The Chinese city of Shicheng was flooded in 1959, then forgotten. With its recent rediscovery, divers can explore a 600-year-old city that is both underwater – and unseen for decades.
Often called the “Atlantis of the East” by travellers, the underwater city of Shicheng is a magnificent, mysterious time capsule of Imperial China. Stone architecture dating to the Ming and Qing dynasties (which ruled from 1368 to 1912) stands perfectly preserved 40m under Qiandao Lake in Zhejiang province, 400km south of Shanghai.
Unlike the mythical Atlantis, Shicheng – which means Lion City in Mandarin – was purposely flooded in 1959 to make way for the Xin’an Dam and its adjoining hydroelectric station. Nearly 300,000 people were relocated for the project, some of whom had families that had lived in the city for centuries.
The city was “rediscovered” in 2001 when the Chinese government organised an expedition to see what might remain of the lost metropolis. Interest and exploration increased further in 2011, when the Chinese National Geography published some never-before-seen photographs and illustrations hypothesising what the small city, which measured about half a square kilometre, might have looked like in its heyday.
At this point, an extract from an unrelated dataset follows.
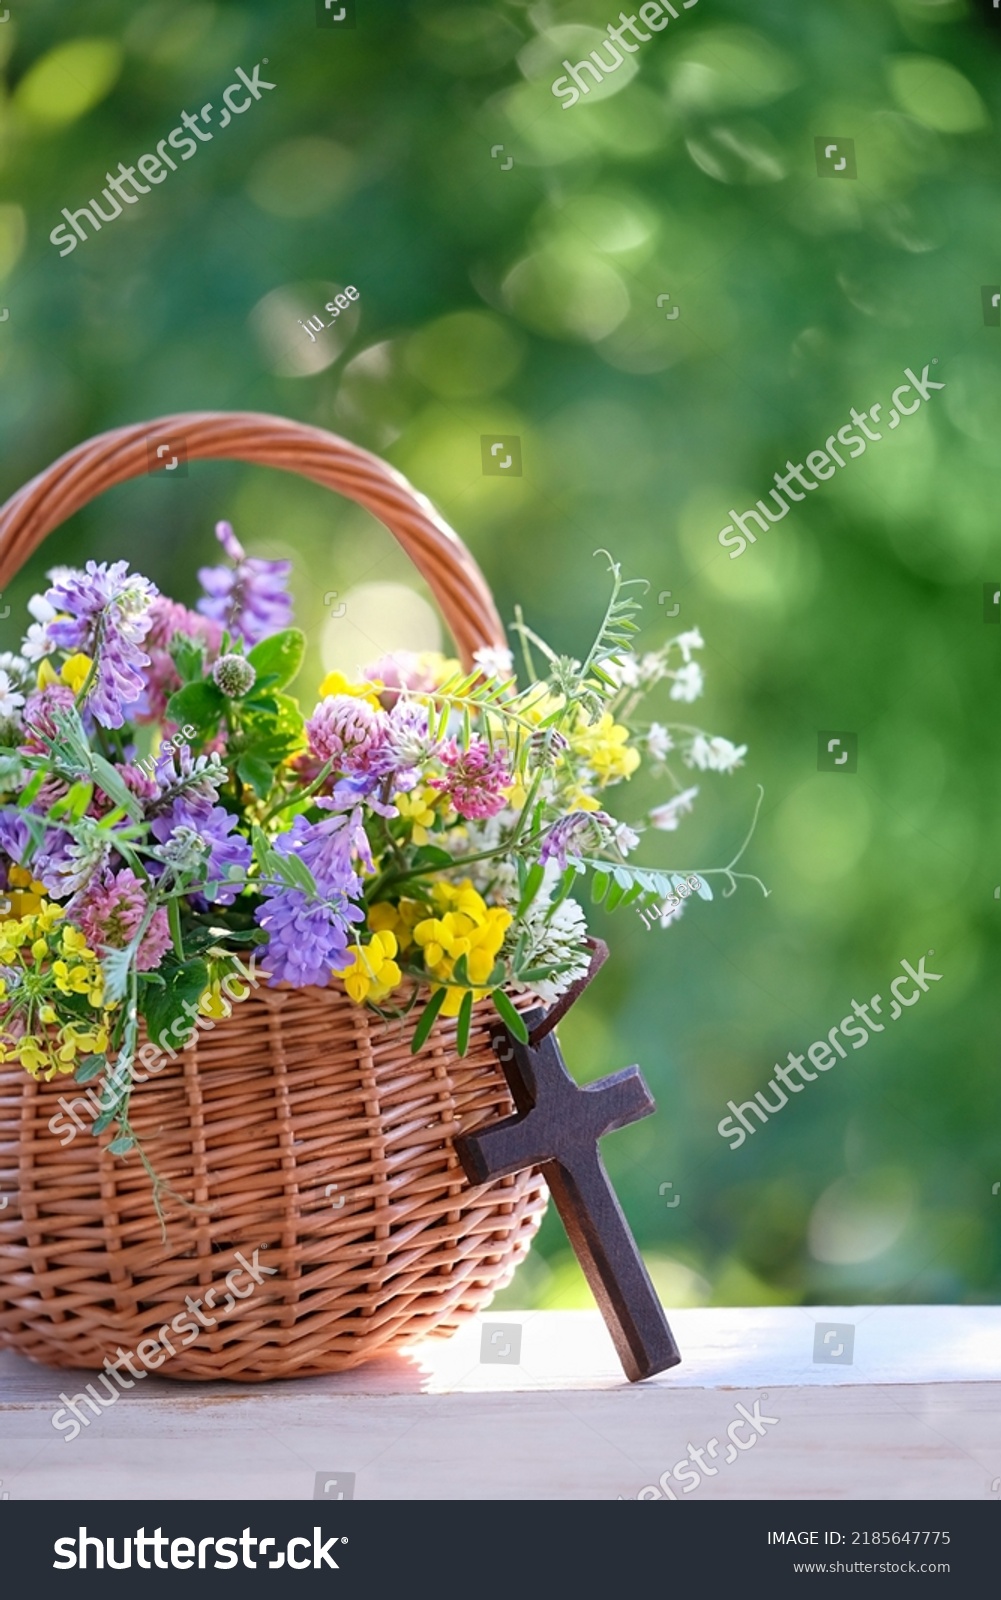 Christian cross and meadow flowers in wicker basket on table, natural background. Herbal consecration - traditional customs of August 15, day of the Assumption of Mary, know as Divine Mother of Herbs #2185647775
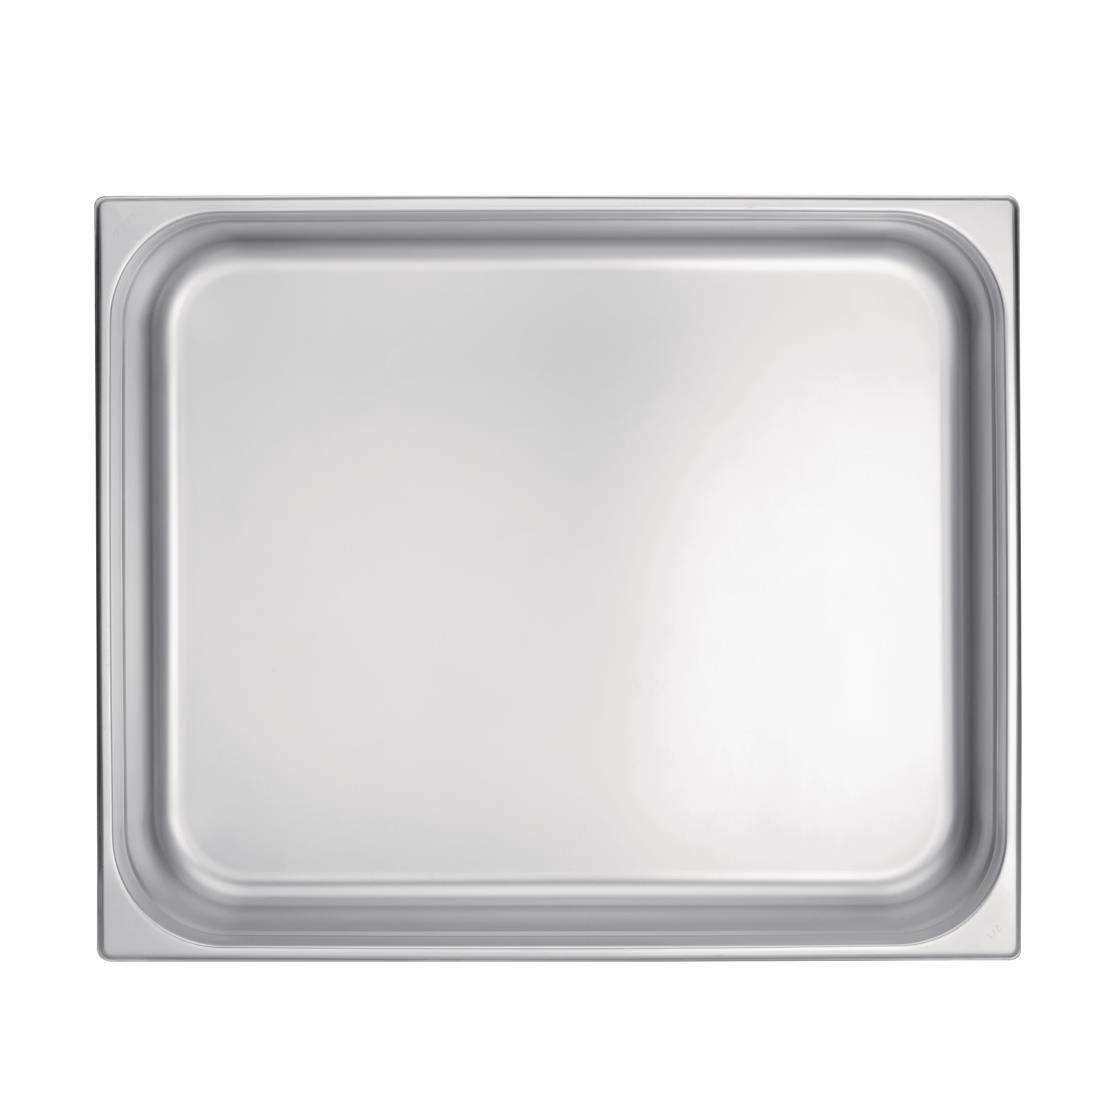 Vogue Stainless Steel 2/1 Gastronorm Pan 100mm - K804  - 4

Expeditions and underwater photographs have revealed that the city had five entrance gates, as opposed to the traditional four – with two western-facing gates as well as gates in the other cardinal directions. The city’s wide streets also have 265 archways, featuring preserved stonework of lions, dragons, phoenixes and historical inscriptions, some of which date back as far as 1777; the city walls are believed to date back to the 16th Century.